[fa.tcp-ip] problems getting to CISL-SERVICE-MULTICS

HEDRICK@RED.RUTGERS.EDU (Charles Hedrick) (09/30/85)

We can't seem to get CISL-SERVICE-MULTICS to accept our mail.
We can normally send very short messages, but for anything
substantial, the connection times out.  This is a fairly new
problem.  We just changed our network configuration.  Our
DEC-20 used to be directly on the Arpanet.  It is now on an
Ethernet, and we are using a PDP-11/23 gateway, with the MIT
code, further hacked and supported by Noel Chiappa.  The
major difference here is that we now have an MTU of 1500
instead of 9xx.  The gateway is supposed to do fragmentation
and reassembly.  We wonder whether either the gateway or
CISL is blowing it.  Maybe some others of you can help us
in this diagnosis by indicating whether you are having
similar problems.  Here is what we see:
  - we can get to MIT-MULTICS.  They are running the same
	SMTP but a different TCP from CISL
  - we have the same problem from Topaz, our major Unix system,
	so it isn't TOPS-20 specific
Are other folks having trouble getting long mail items to
CISL-SERVICE-MULTICS?
-------

jis@MIT-BITSY.MIT.EDU (Jeffrey I. Schiller) (09/30/85)

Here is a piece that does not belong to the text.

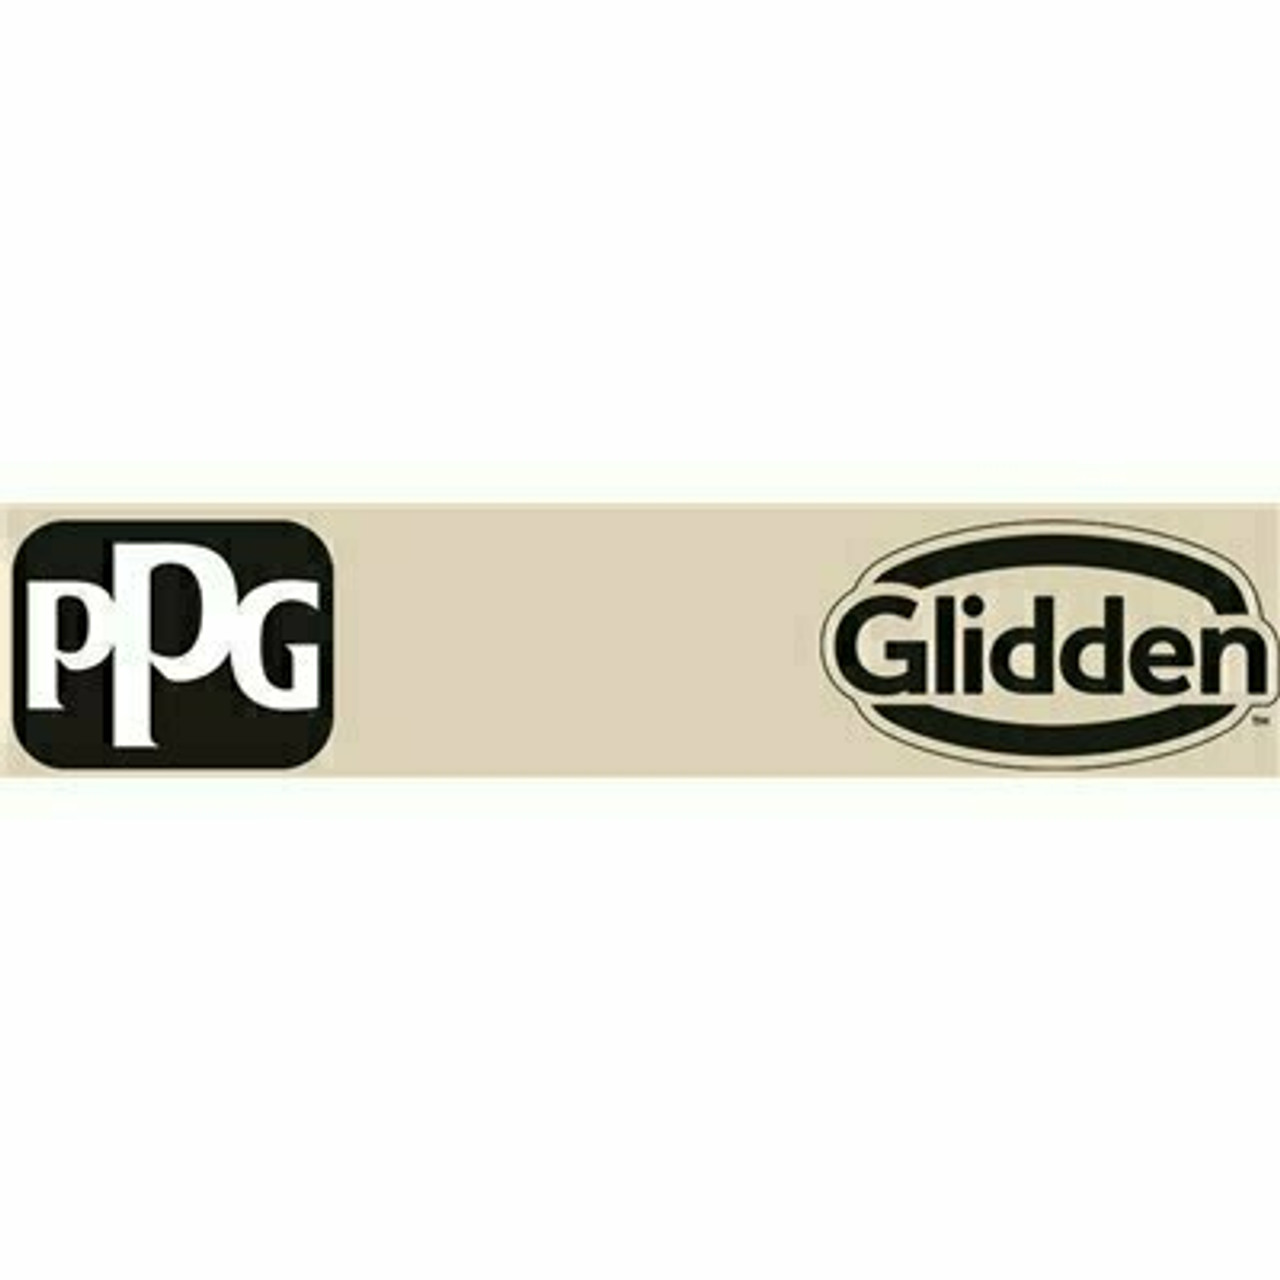 Glidden Premium 1 Gal. #Ppg1097-3 Toasted Almond Satin Exterior Latex Paint

Actually the situation with CISL-SERVICE-MULTICS is more complicated
then that. CISL is running an IP/TCP which doesn't understand about
any other network but net 10 (The ArpaNet). There is a kludge installed
in its IP that sends any non-net-10 packet to MIT-MULTICS who then
routes it apropriately.

Now MIT-MULTICS is constrainted to not send packets greater then 200
bytes (because if it does, the IMP it is plugged into crashes... a problem
(unresolved now for over two years) with message mode HDH support in
the IMP). So chances are now that CISL is sending you 572 byte packets
which are being fragmented by MIT-MULTICS. It is quite possible that
either your reassembly code is bad or MIT-MULTICS's fragmentation code
is bad (MIT-MULTICS's TCP arranges never to send segments that would
be fragmented by the IP layer). Some IP tracing would probably help.

			-Jeff

CLYNN@BBNA.ARPA (09/30/85)

Welcome to the world of gsteways.  I have observed problems with the
same symptoms.  They resulted from a combination of two factors.  One,
you are not getting any flow control; the imps are very good at not
accepting more data than they can handle.  (Are you getting any ICMP
Source Quench messages from the gateway?  What does your TCP do with
them?)  Several TCPs run in bang-bang mode: sending everything they
can until they either run out of data or fill the window.  Going from
an ethernet to an 1822 net with such an implementation is bound to
flood the gateway (which has to process packets from all the TCP
connections as well as any UDP traffic).

The second factor which I have observed relates to fragmentation.
Most fragmentation algorithms split a single packet into two or more
fragments and queue them sequentially for the output interface.  This
increases the number of packets for a particular destination by at
least a factor of two.  1822 nets have limits on the number of packets
for an 1822 connection.  The fragments cause this limit to be reached
more quickly.  Also, some receivers do not seem to be capable of
receiving back-to-back packets, which frequently result from
fragmented packets.  Note that in such a situation no amount of TCP
retransmissions will ever get the fragmented packet through.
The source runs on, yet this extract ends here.